● **WHAT YOU SHOULD DO**
Omitting all images, give the entries that follow again exactly as they read.

--- ENTRIES SHOWN Enclosed Below ---

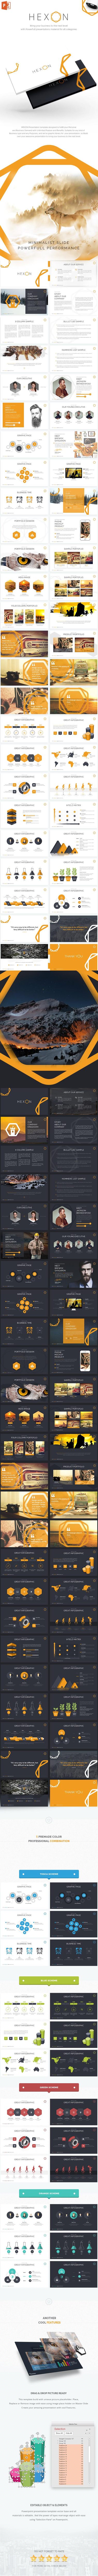 Hexon - Powerpoint Template - Creative PowerPoint Templates
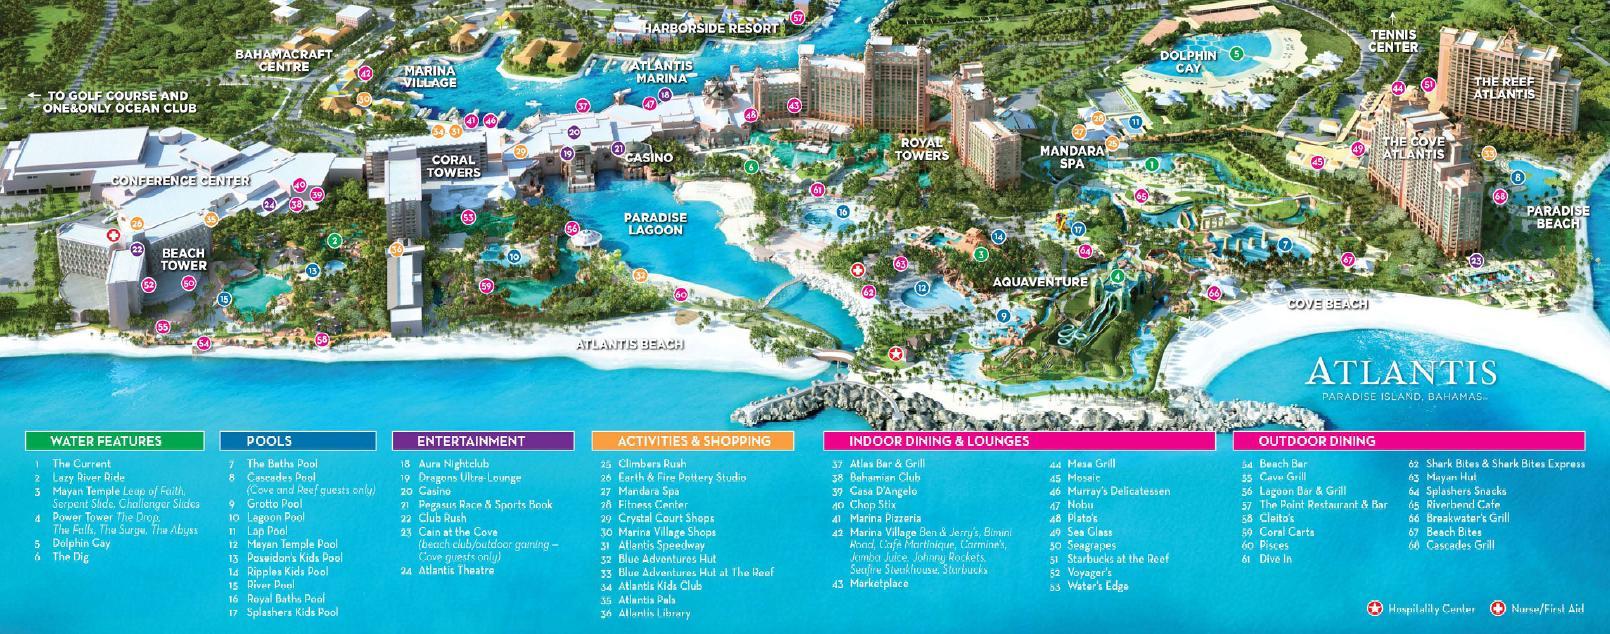 Map of Hotel.jpg
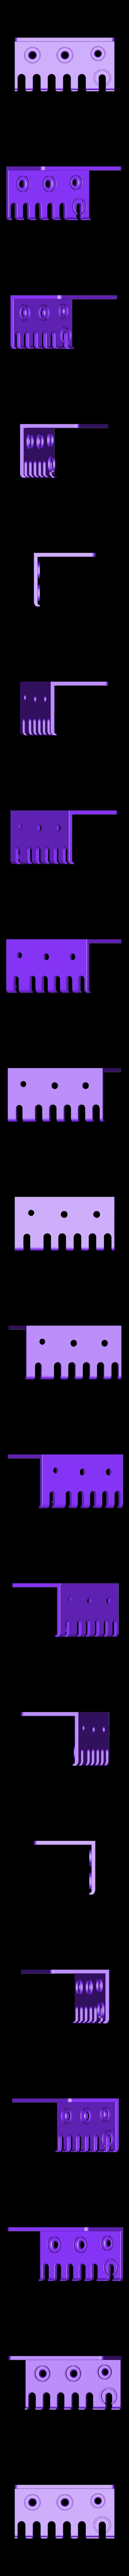 Right_Screws.stl Download free STL file Tool Holder for 18pcs Screwdriver Set 059 I for screws or peg board • 3D printing template, Wiesemann1893
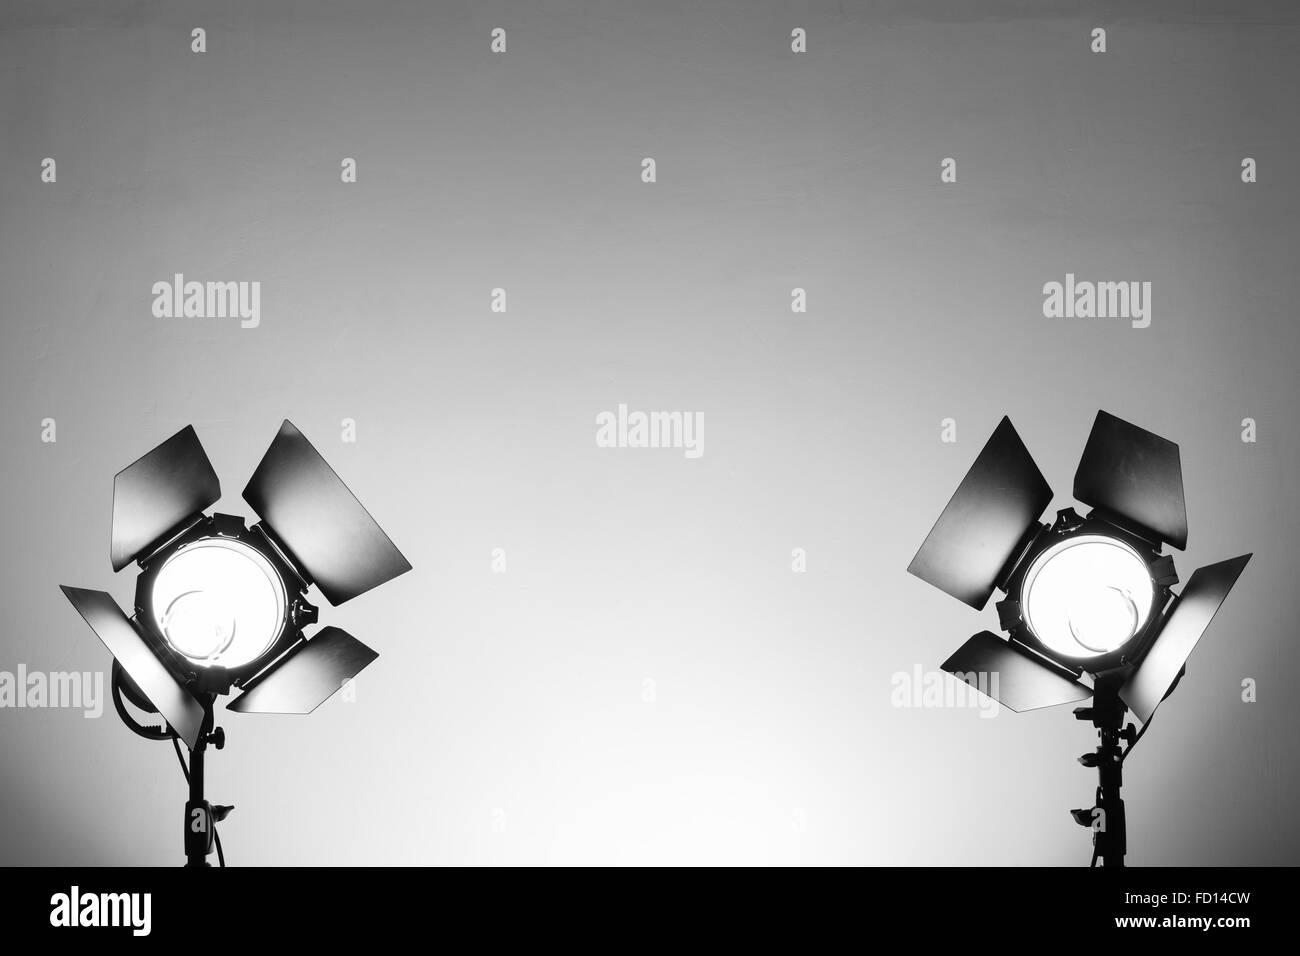 Empty photo studio with lighting equipment - Stock Image
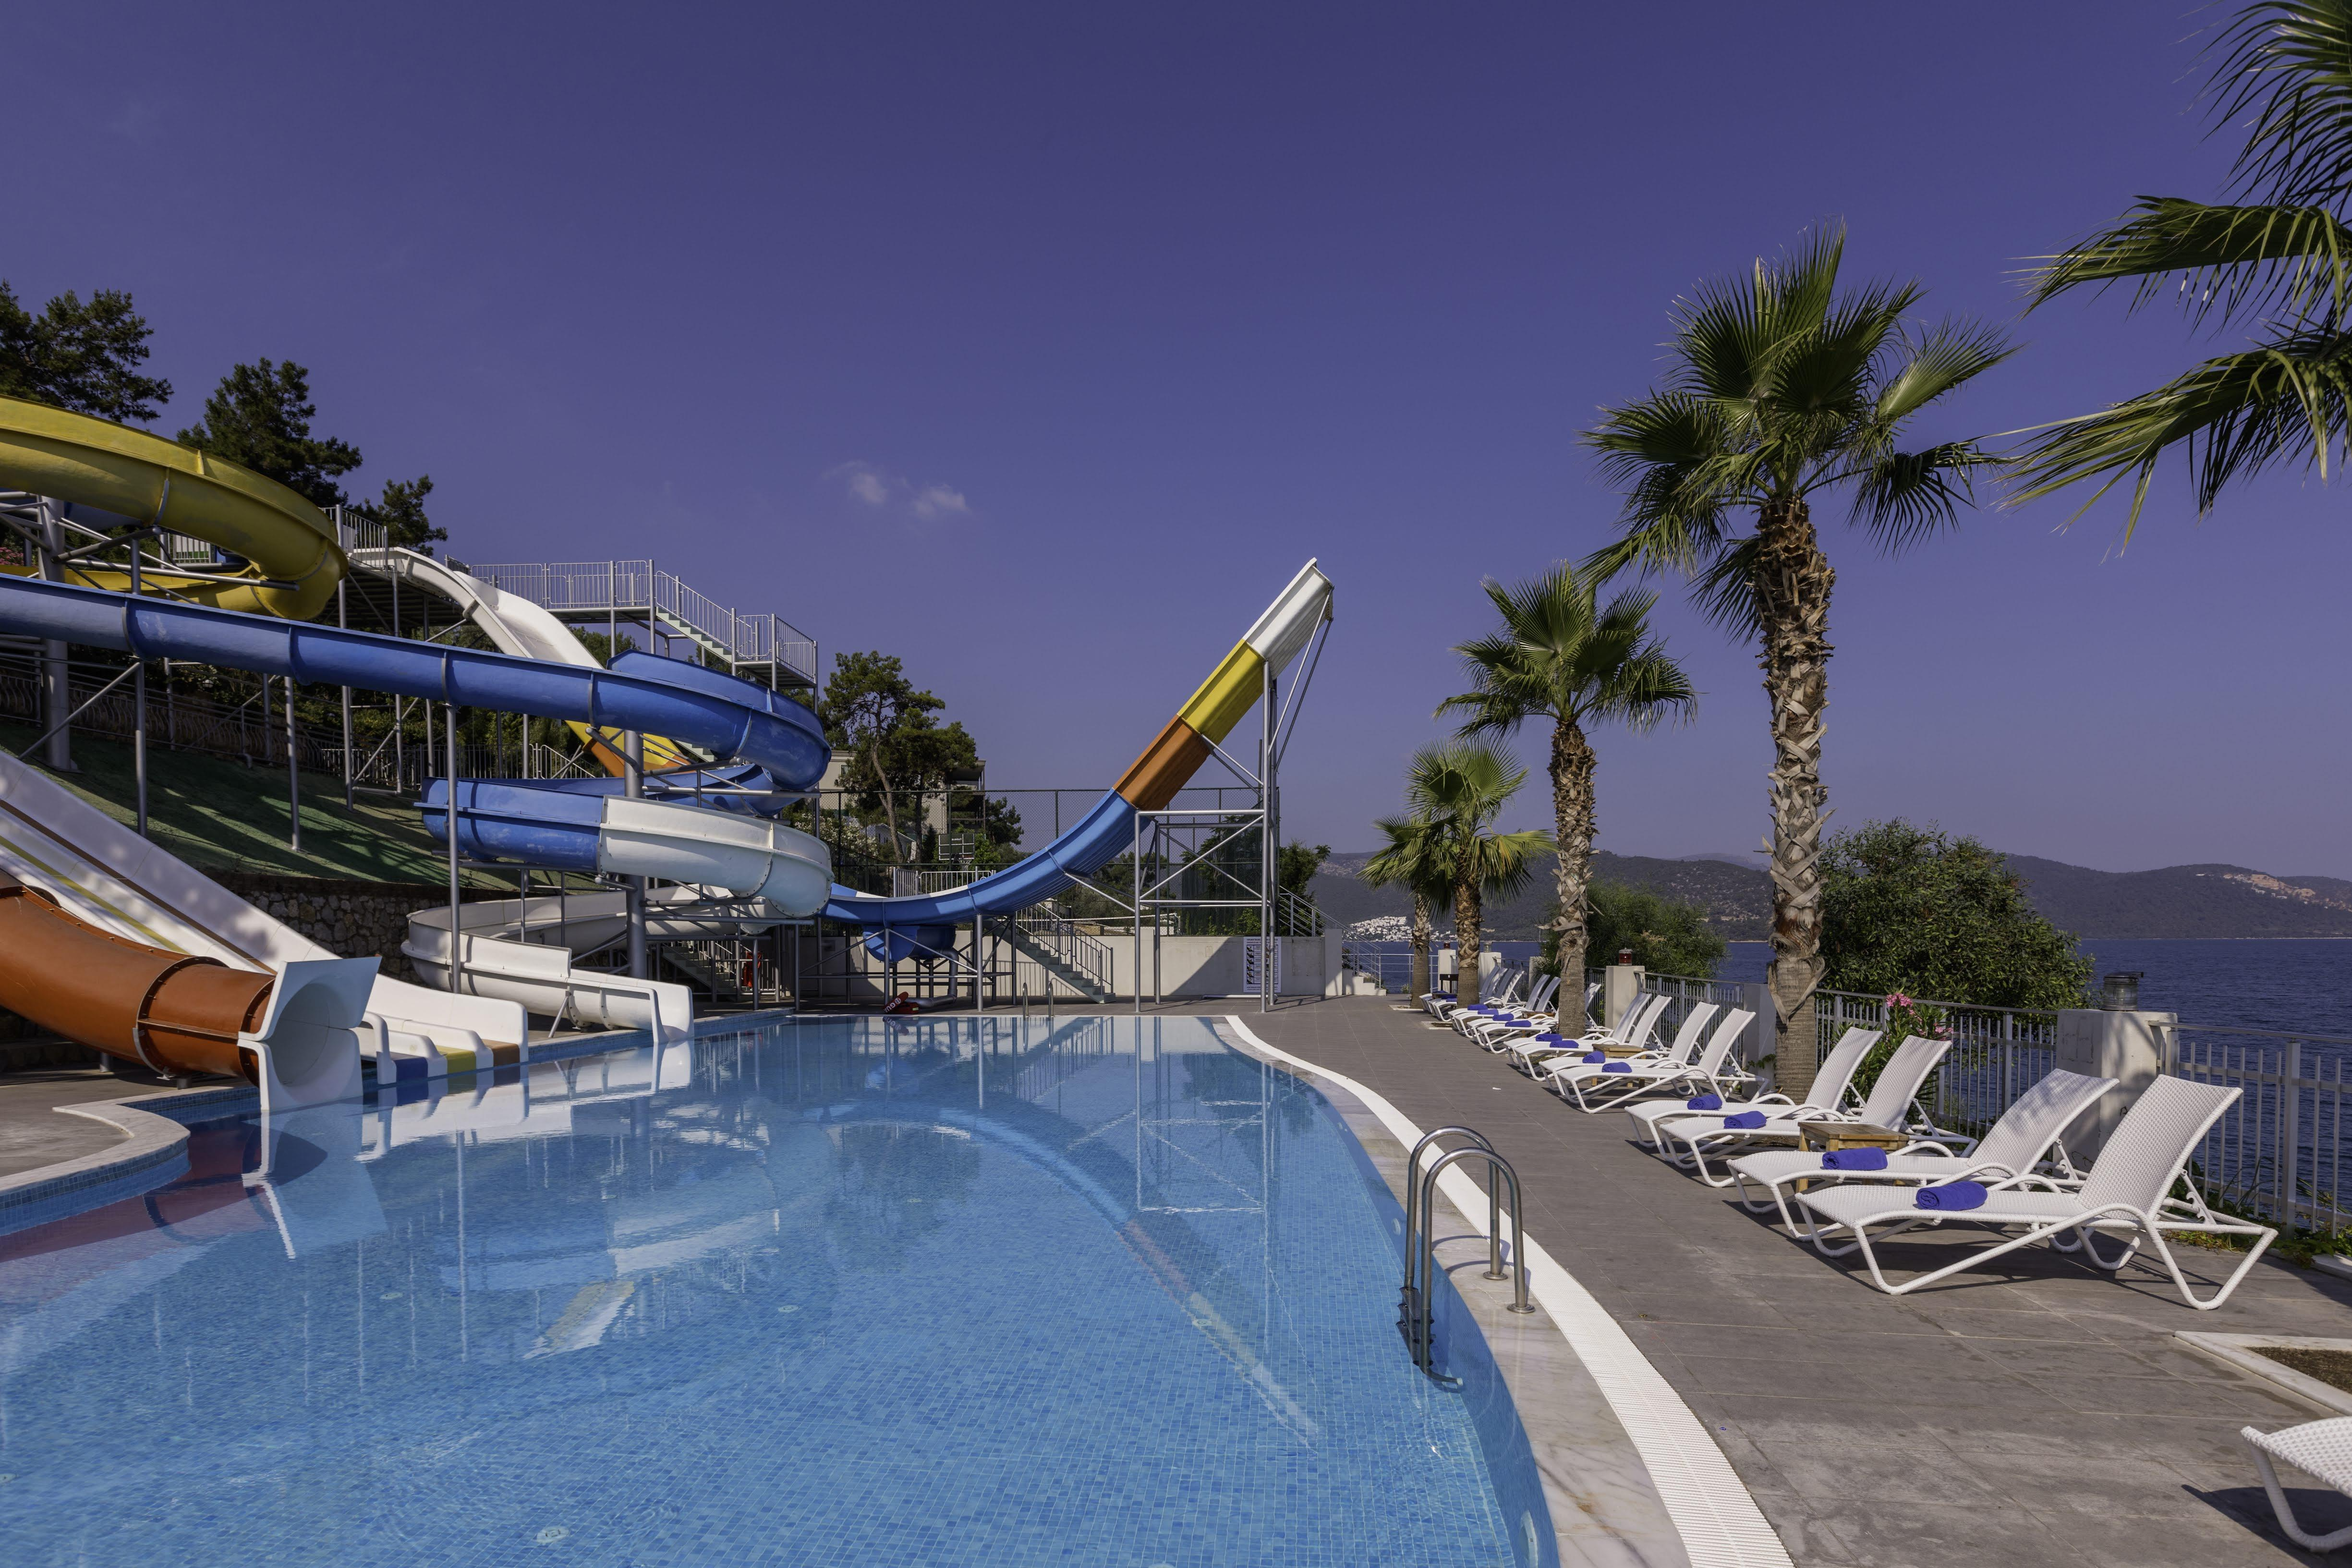 kairaba-blue-dreams-club-hotel-genel-0029

--- End of Enclosed ENTRIES SHOWN ---

● **OUTPUT BELOW**
 Hexon - Powerpoint Template - Creative PowerPoint Templates
 Map of Hotel.jpg
 Right_Screws.stl Download free STL file Tool Holder for 18pcs Screwdriver Set 059 I for screws or peg board • 3D printing template, Wiesemann1893
 Empty photo studio with lighting equipment - Stock Image
 kairaba-blue-dreams-club-hotel-genel-0029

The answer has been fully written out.